Shareholders will be asked at the Meeting to ratify and approve these amendments in the form of the resolution set forth in Schedule “B” to this Information Circular (the “Amendment”).  Any stock options granted pursuant to the amended Plan or currently outstanding under the existing Plan, which are subsequently exercised, will automatically be reloaded and available for future option grants.

As at the date of this Information Circular 3,402,875 options (representing 6.05% of the Company’s issued and outstanding share capital as at the date of this Information Circular) remain outstanding and unexercised and, if the amendment to the Plan is approved by shareholders, a total of 2,217,749 shares will be available for future grants based on the number of shares issued and outstanding as of November 24, 2006 and this number will increase as the number of shares issued and outstanding increases. No financial assistance is or will be provided to participants in the Plan by the Company to facilitate the purchase of common shares under the Plan.

A copy of the Plan, as amended by the Amendment and including certain additional administrative amendments to update the Plan in accordance with TSX and regulatory requirements, is available for viewing up to the date of the Meeting at the Company’s offices at Suite 328, 550 Burrard Street, Vancouver, British Columbia and at the Meeting to be held on January 10, 2007. In addition, a copy of the amended Plan will be mailed free of charge, to any holder of common shares who requests a copy from the Secretary of the Company. Any such requests should be mailed to the Company, at its head office, to the attention of the Secretary. In accordance with TSX policy, the Plan will require the approval of the Company’s shareholders every three years.

The Plan is intended to provide the board of directors with the ability to issue options to provide the employees, consultants, officers and directors of the Company with long-term equity-based performance incentives which are a key component of the Company’s executive compensation strategy. The Company believes it is important to align the interests of management and employees with shareholder interests and to link performance compensation to enhancement of shareholder value. This is accomplished through the use of stock options whose value over time is dependent on market value.

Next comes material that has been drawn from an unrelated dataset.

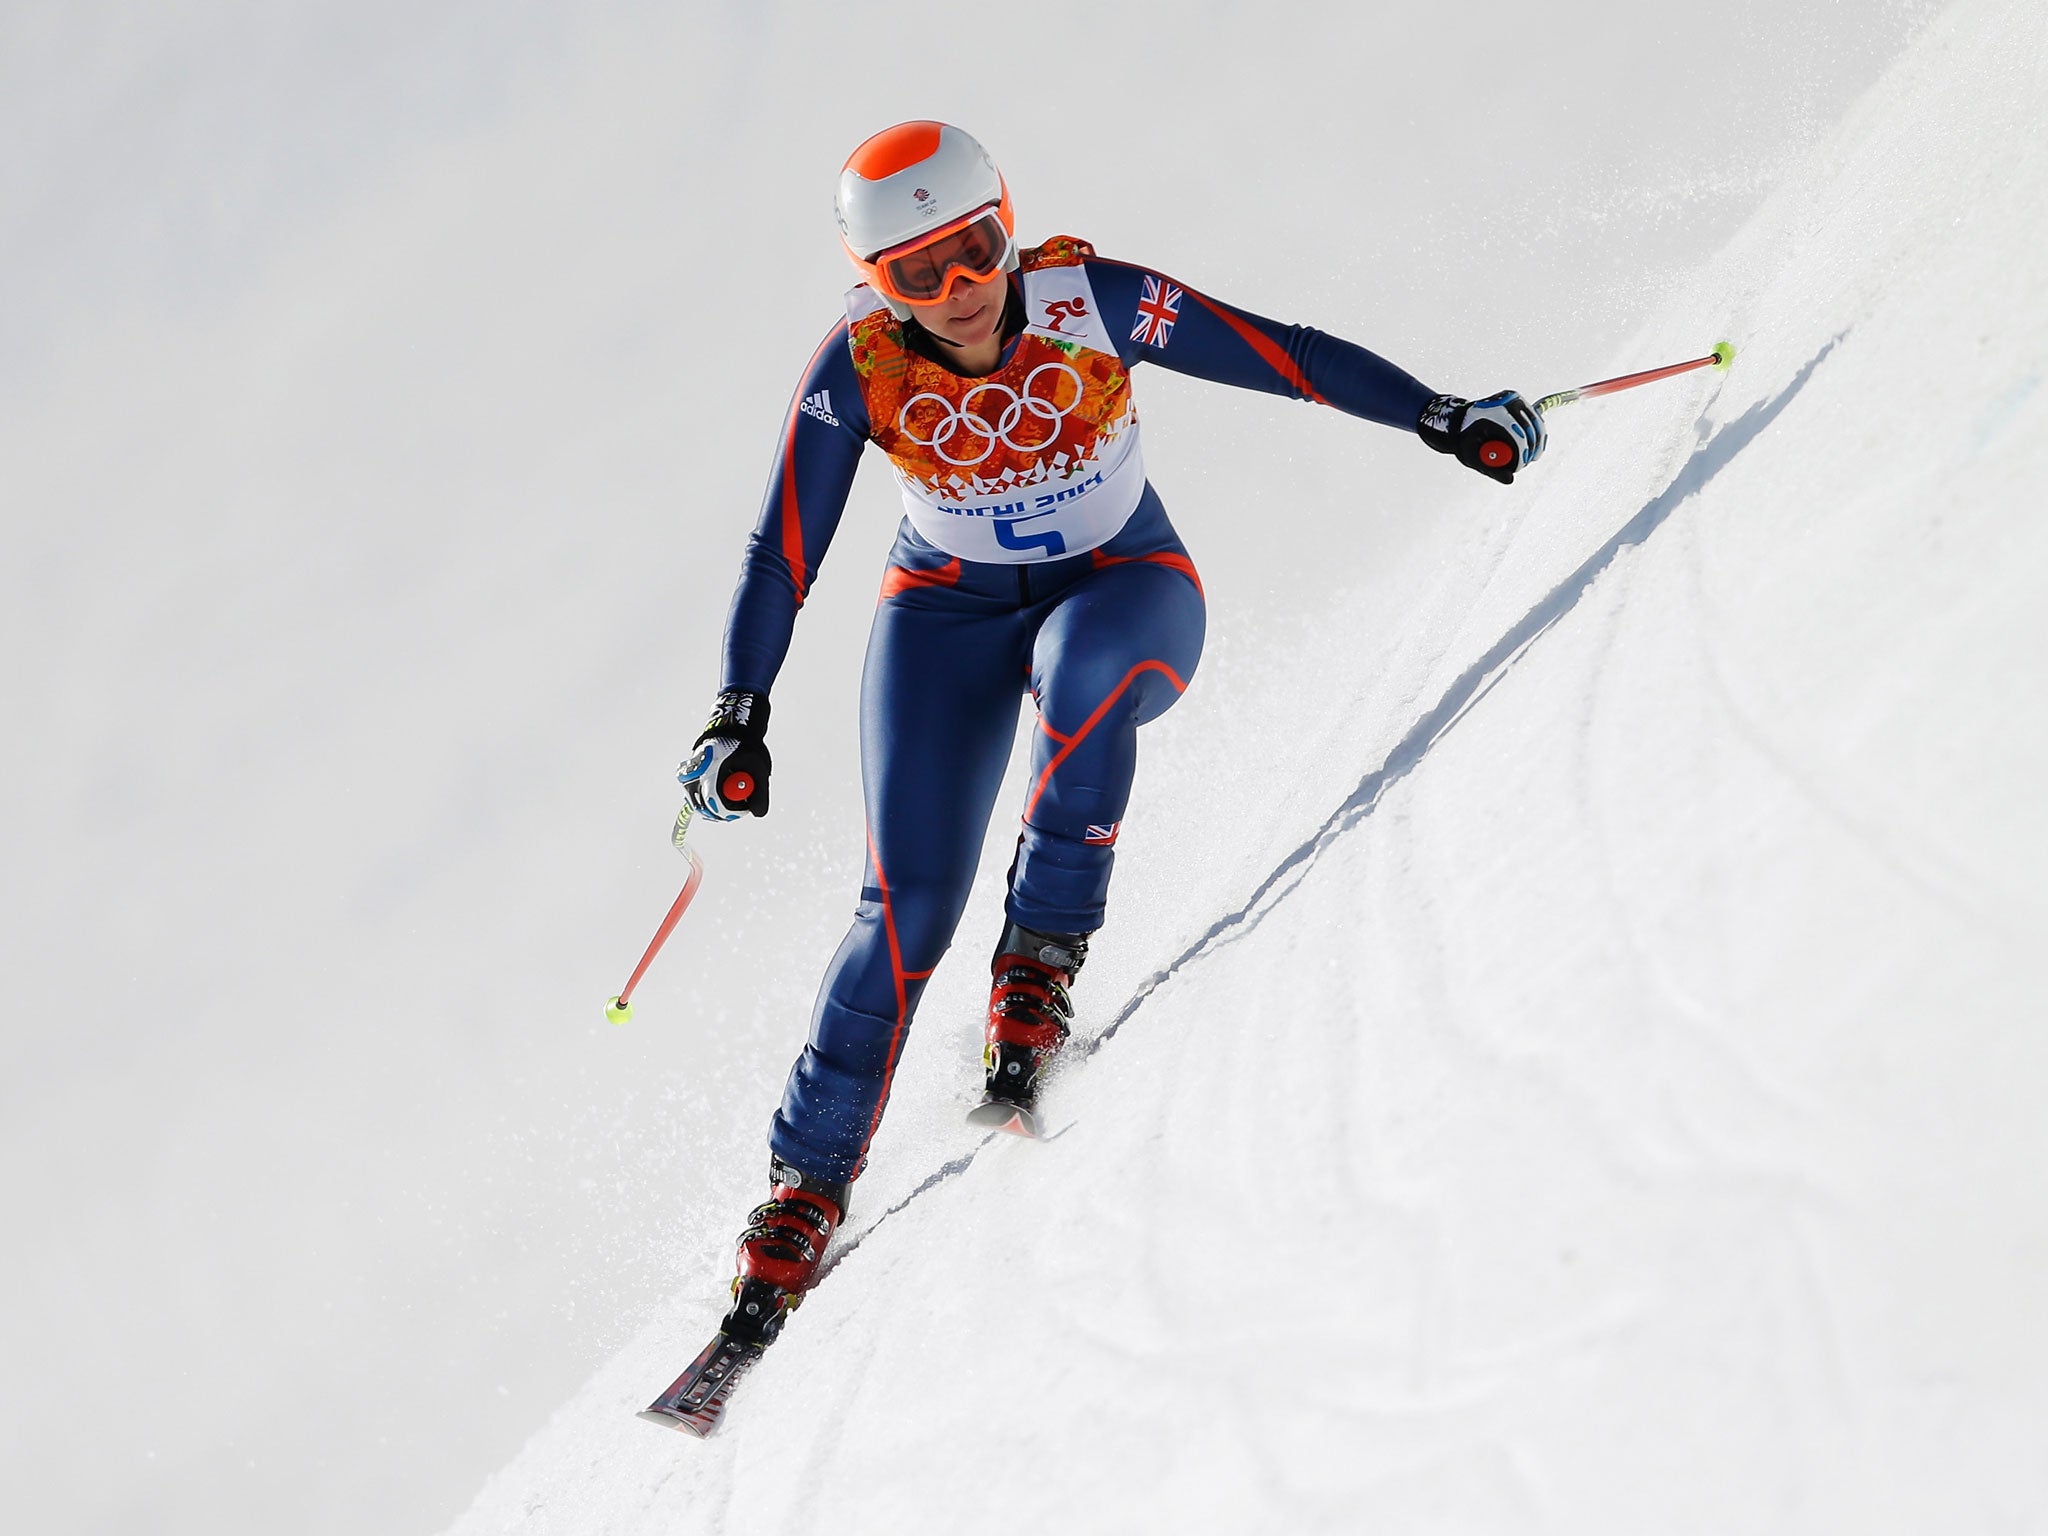 Chemmy Alcott has pulled out of the super combined skiing event to focus on Wednesday's downhill event

The Board reserves the right to amend or terminate the Plan at any time if and when it is deemed advisable in the absolute discretion of the Board; provided, however, that no such amendment or termination shall adversely affect






 -14 -


any outstanding options granted under the Plan without the consent of the optionees. Any amendment to the Plan shall also be subject to acceptance of such amendment or amended Plan for filing by the TSX and, where required by the TSX, the approval of the shareholders of the Company.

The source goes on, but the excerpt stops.